Could you confirm or clarify the crux? Your messages felt ambiguous to me. In what specific way is A false?
- Davidmanheim 27 May 2025 6:21 UTC
  LW: 6 AF: 3
  0
  AF Parent
  To pursue their values, humans should be able to reason about them. To form preferences about a thing, humans should be able to consider the thing. Therefore, human ability to comprehend should limit what humans can care about.
  
  You’re conflating can and should! I agree that it would be ideal if this were the case, but am skeptical it is. That’s what I meant when I said I think A is false.
  If learning values is possible at all, there should be some simplicity biases which help to learn them. Wouldn’t it be strange if those simplicity biases were absolutely unrelated to simplicity biases of human cognition?
  That’s a very big “if”! And simplicity priors are made questionable, if not refuted, by the fact that we haven’t gotten any convergence about human values despite millennia of philosophy trying to build such an explanation.
  You define “values” as ~”the decisions humans would converge to after becoming arbitrarily more knowledgeable”.
  No, I think it’s what humans actually pursue today when given the options. I’m not convinced that these values are static, or coherent, much less that we would in fact converge.
  You say that values depend on inscrutable brain machinery.
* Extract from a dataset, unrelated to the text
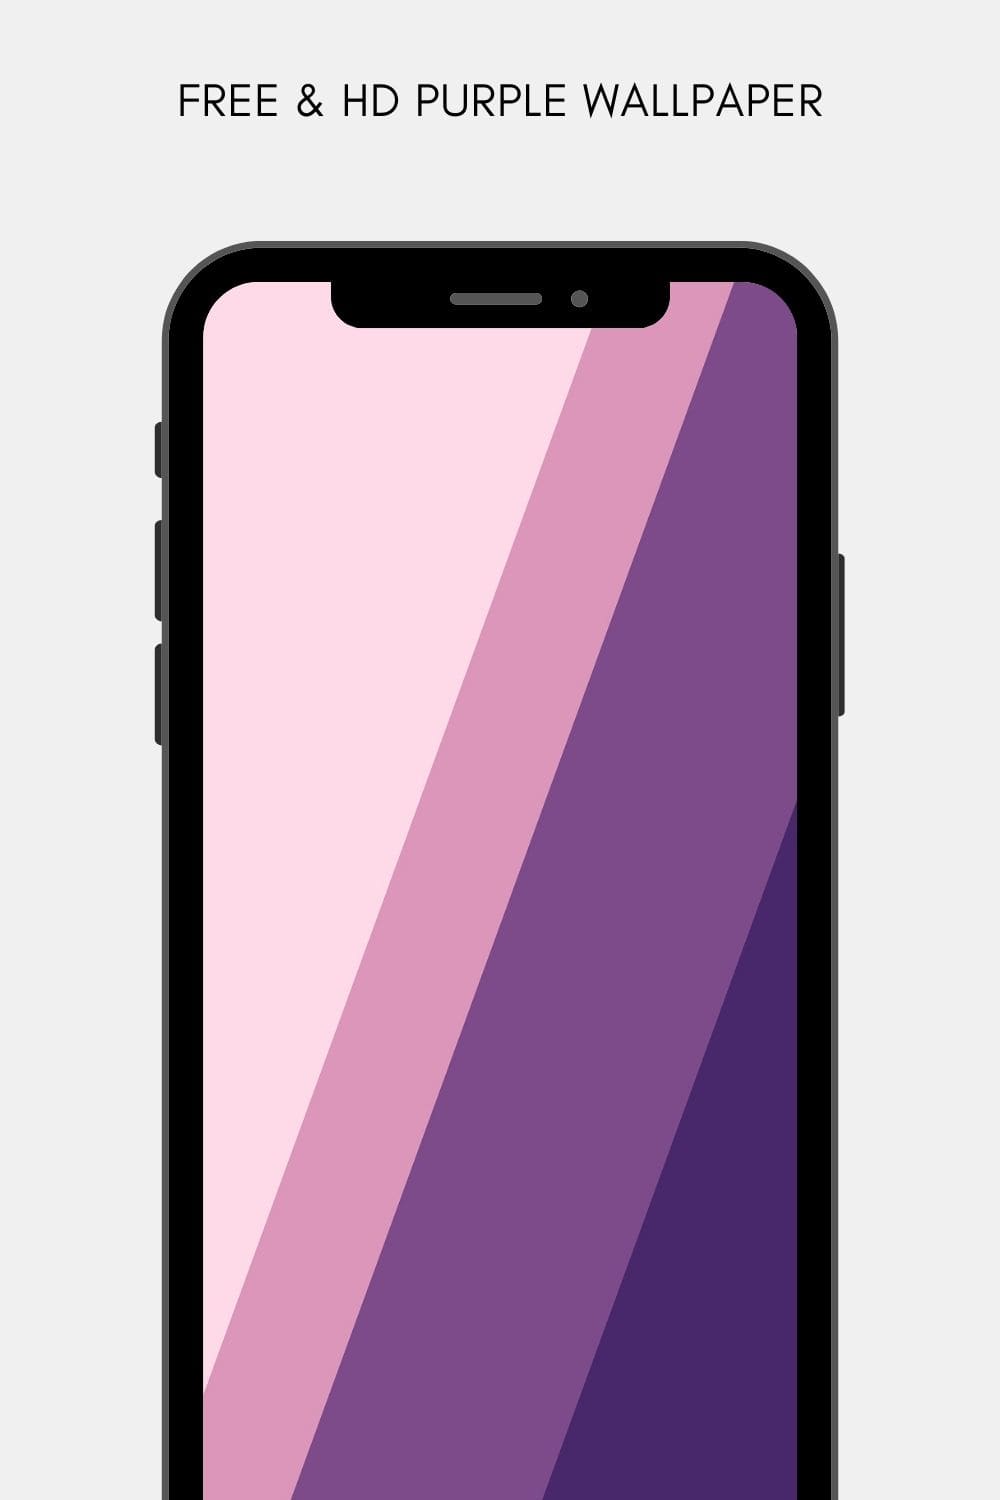 HD Purple Tone Phone Wallpaper

But can’t we treat the machinery as a part of “human ability to comprehend”?
  No, because we don’t comprehend them, we just evaluate what we want locally using the machinery directly, and make choices based on that. (Then we apply pretty-sounding but ultimately post-hoc reasoning to explain it—as I tweeted partly thinking about this conversation.)
  - Q Home 27 May 2025 8:17 UTC
    1 point
    0
    Parent
    Thanks for clarifying! Even if I still don’t fully understand your position, I now see where you’re coming from.
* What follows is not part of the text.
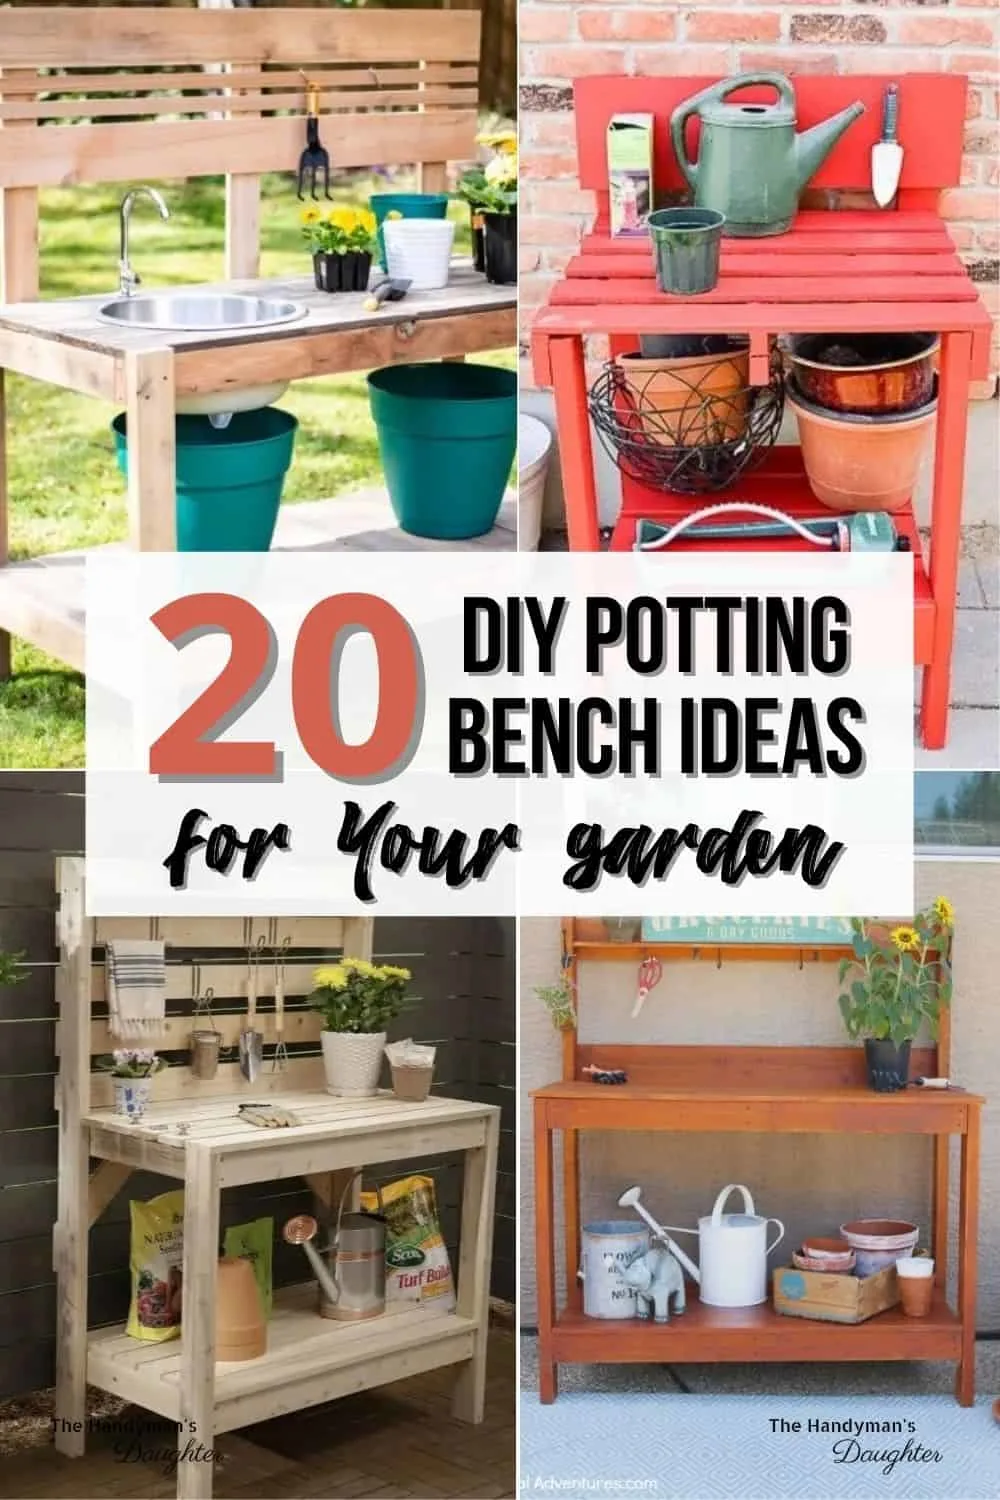 20 diy potting bench ideas for your garden - the handyman's daughter

    No, I think it’s what humans actually pursue today when given the options. I’m not convinced that these values are static, or coherent, much less that we would in fact converge.
    Then those values/motivations should be limited by the complexity of human cognition, since they’re produced by it. Isn’t that trivially true? I agree that values can be incoherent, fluid, and not converging to anything. But building Task AGI doesn’t require building an AGI which learns coherent human values. It “merely” requires an AGI which doesn’t affect human values in large and unintended ways.
    No, because we don’t comprehend them, we just evaluate what we want locally using the machinery directly, and make choices based on that.
    This feels like arguing over definitions. If you have an oracle for solving certain problems, this oracle can be defined as a part of your problem-solving ability. Even if it’s not transparent compared to your other problem-solving abilities. Similarly, the machinery which calculates a complicated function from sensory inputs to judgements (e.g. from Mona Lisa to “this is beautiful”) can be defined as a part of our comprehension ability. Yes, humans don’t know (1) the internals of the machinery or (2) some properties of the function it calculates — but I think you haven’t given an example of how human values depend on knowledge of 1 or 2. You gave an example of how human values depend on the maxima of the function (e.g. the desire to find the most delicious food), but that function having maxima is not an unknown property, it’s a trivial property (some foods are worse than others, therefore some foods have the best taste).
    That’s a very big “if”! And simplicity priors are made questionable, if not refuted, by the fact that we haven’t gotten any convergence about human values despite millennia of philosophy trying to build such an explanation.
    I agree that ambitious value learning is a big “if”. But Task AGI doesn’t require it.